About this task — Retype, word for word, the line holding "I grew up in" and each line after it down to the end of the data; pictures are not copied.

Material provided —

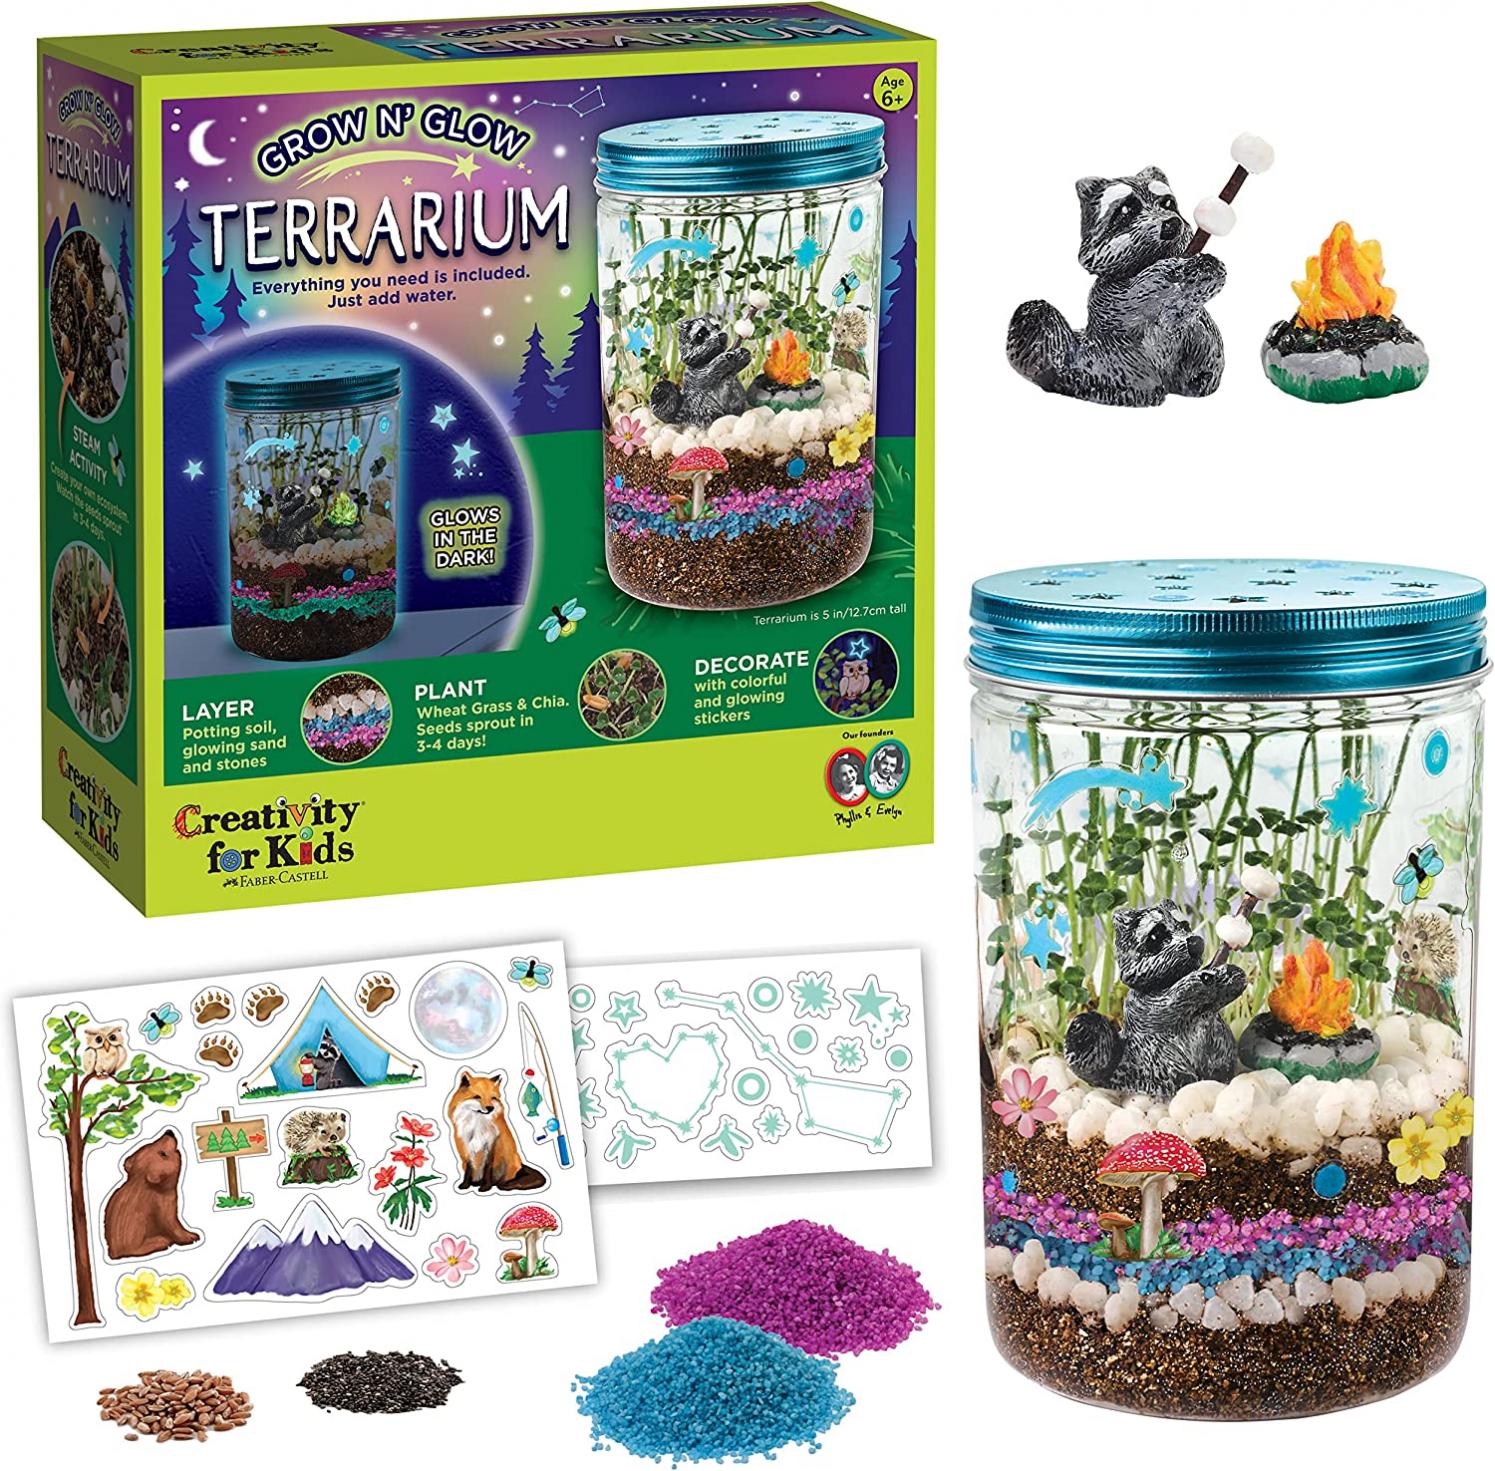 Creativity for Kids Grow 'N Glow Terrarium Kit for Kids - Science Activities for Kids Ages 5-8+, Kids Craft Kits and Creative Gifts for Kids
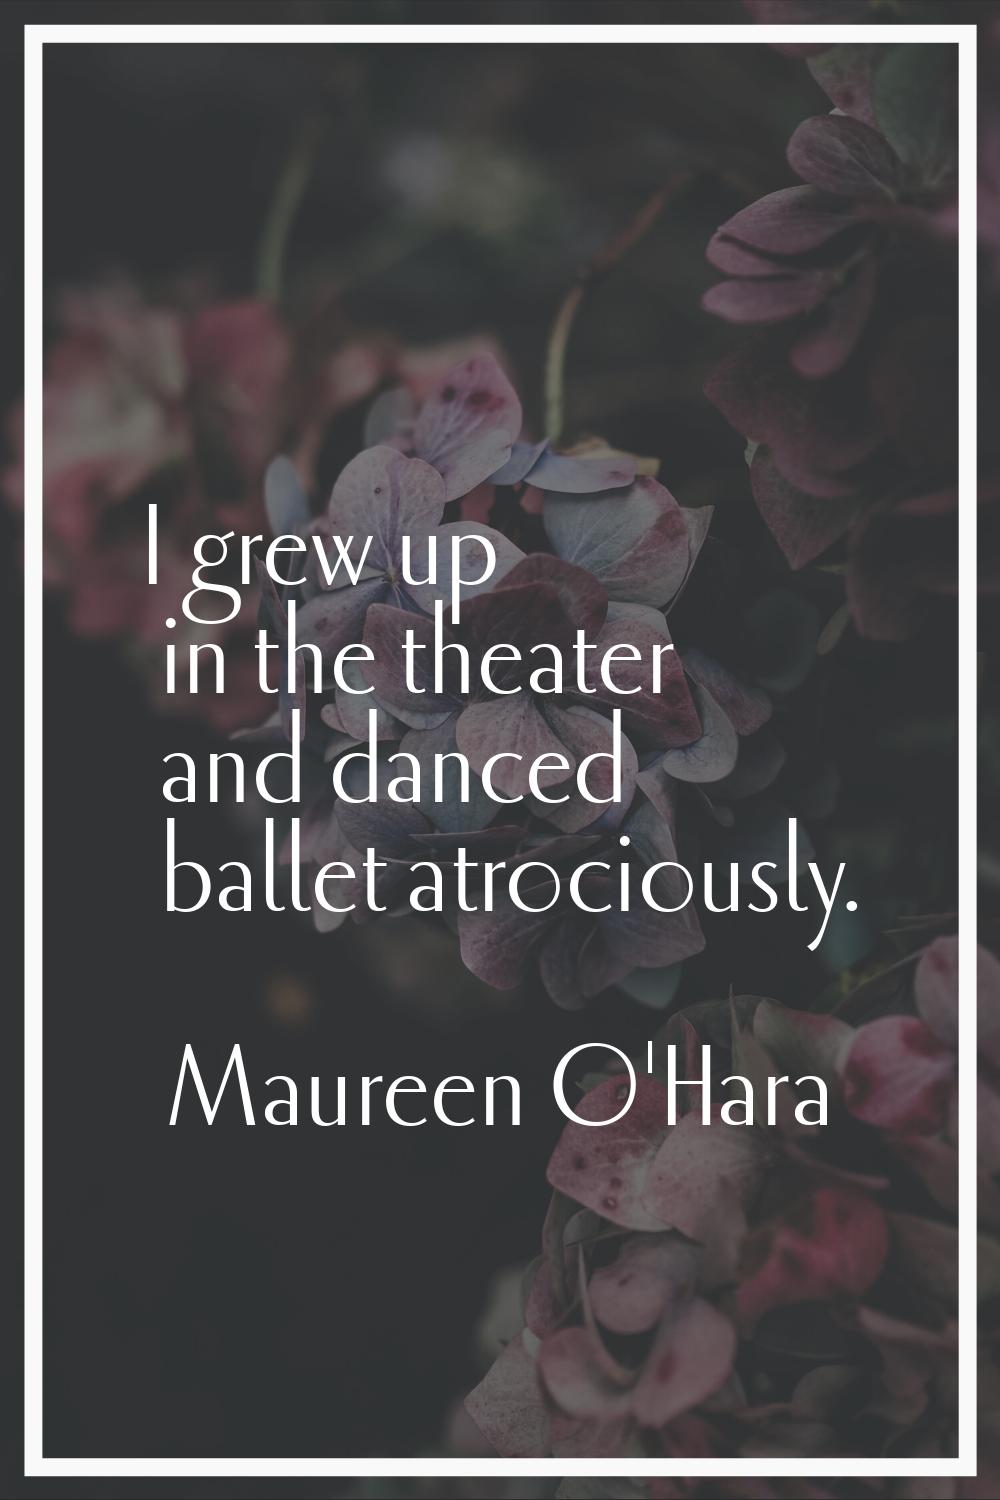 I grew up in the theater and danced ballet atrociously.
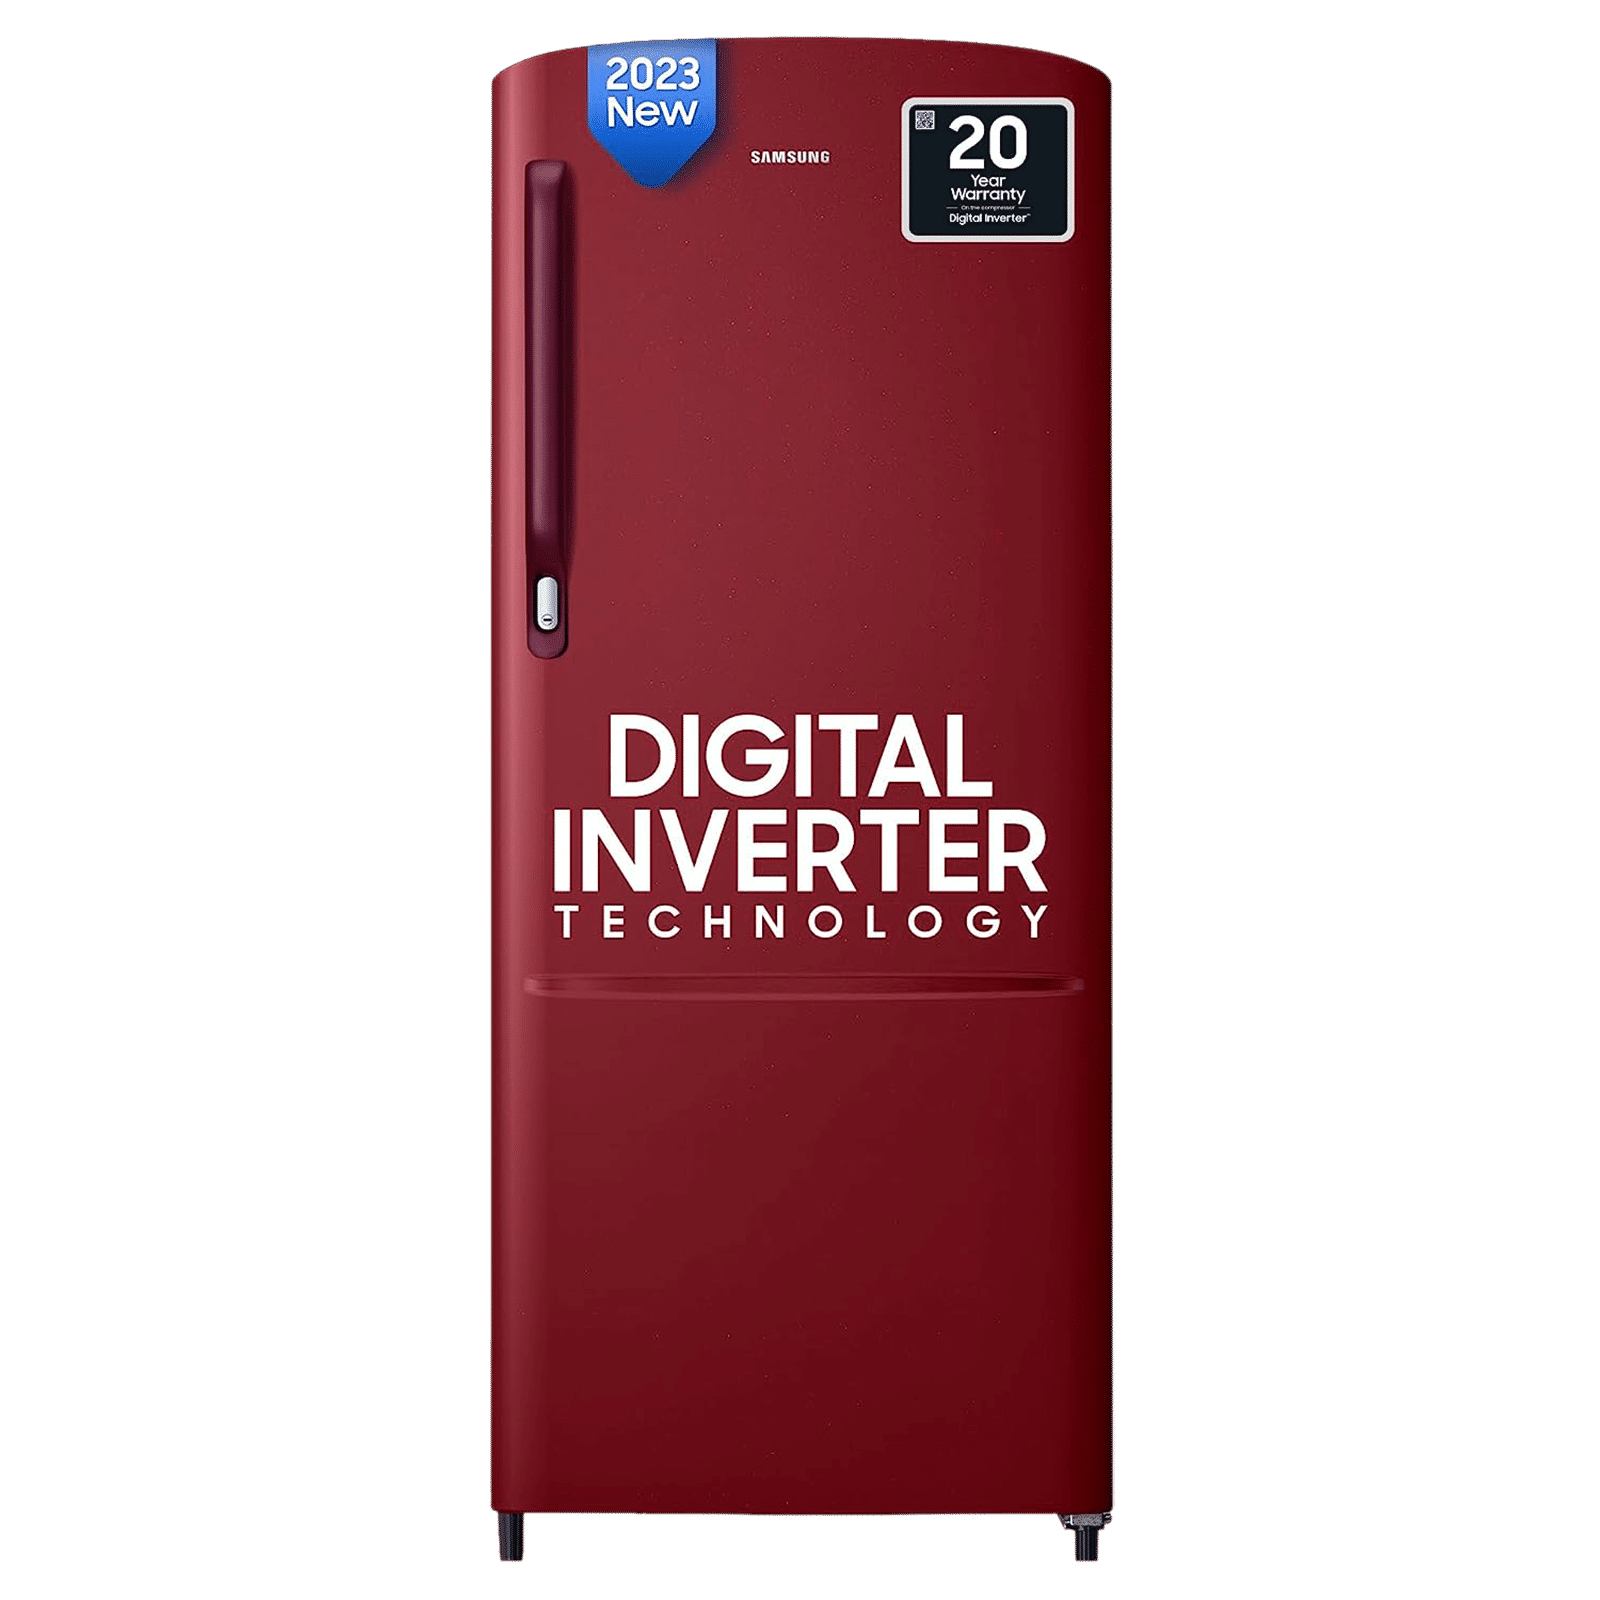 SAMSUNG 183 Litres 2 Star Direct Cool Single Door Refrigerator with Toughened Glass Shelves (RR20C2412RH/NL, Scarlet Red)

The answer —
 I grew up in the theater and danced ballet atrociously.
 SAMSUNG 183 Litres 2 Star Direct Cool Single Door Refrigerator with Toughened Glass Shelves (RR20C2412RH/NL, Scarlet Red)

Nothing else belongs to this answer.